Counteraction measures
The arsenal of smart card protection tools is very diverse today. Destructive methods of opening can be resisted by capacitive sensors or optical sensors under a light-proof shell (which mallards have long learned to avoid). Or "special glue" - a coating for chips that is not only opaque and has conductivity, but also reliably resists attempts to destroy it, usually destroying the silicon layer under it. Such coatings belong to the US federal standard FIPS 140-1 and are widely used in the US military industry, but they cannot be called ubiquitous in everyday life.

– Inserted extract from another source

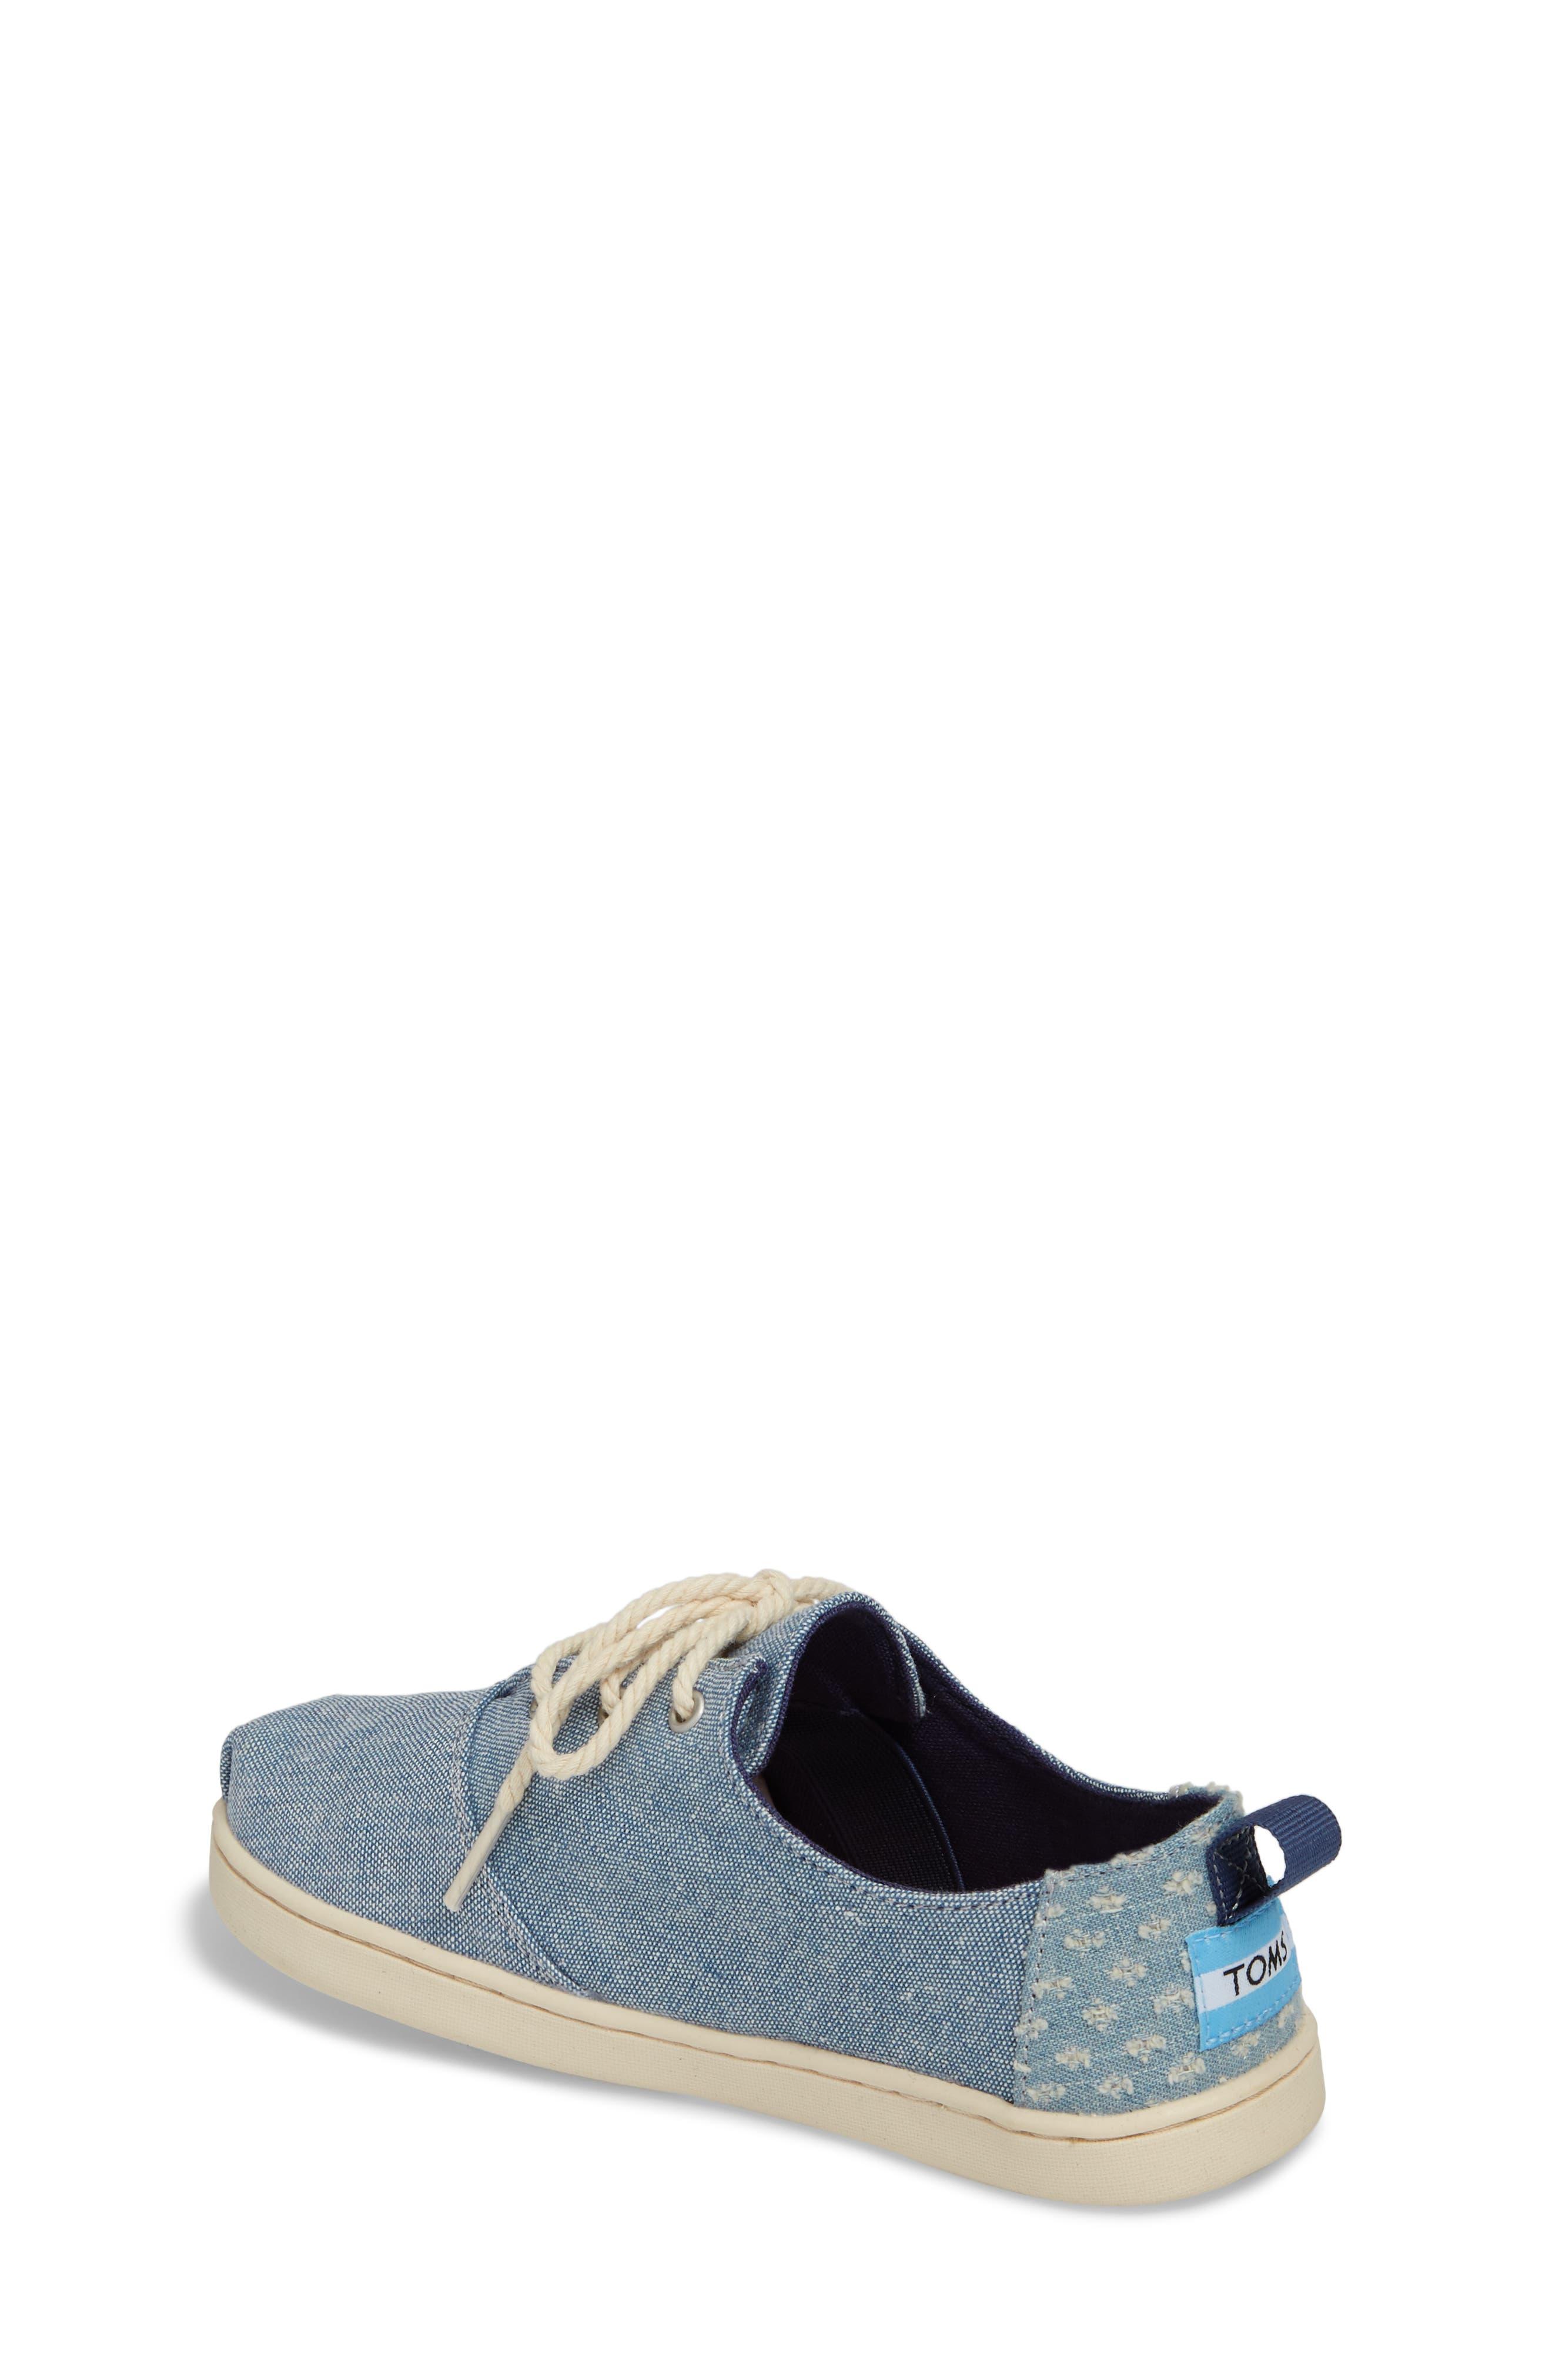 Lumin Sneaker,                             Alternate thumbnail 2, color,                             Blue Chambray

A number of inexpensive and effective methods for countering "differential power analysis (DAP)" and "differential distortion analysis (DAI)" are known from the developments of Cryptography Research. In particular, special hardware and software methods have been developed that provide a significantly lower level of leaks of compromising information, introduction of noise into measurements, decorrelation (separation of interdependencies) of internal variables and secret parameters, as well as time-based decorrelation of cryptographic operations.

A significant number of new security methods have been proposed by the Louvain and Cambridge computer laboratories (www.dice.ucl.ac.be/crypto, www.cl.cam.ac.uk/Research/Security/tamper/). The essence of one of them, for example, is to replace traditional electronic circuits with a self-synchronizing "dual-rail" circuit, where logical 1s and 0s are not encoded, as usual, by high (H) and low (L) voltage pulses in a single conductor, but are represented by a pair of pulses (HL or LH) in a single conductor. two guides. In this case, the appearance of an "abnormal" pair of pulses of the form (HH) immediately becomes an alarm signal, which usually leads to a reboot of the processor.

It's one thing to read about all these methods on paper, but it's quite another to see how they actually work. According to experts, the opening picture is really impressive. And it encourages, of course, to search for new countermeasures with even greater zeal.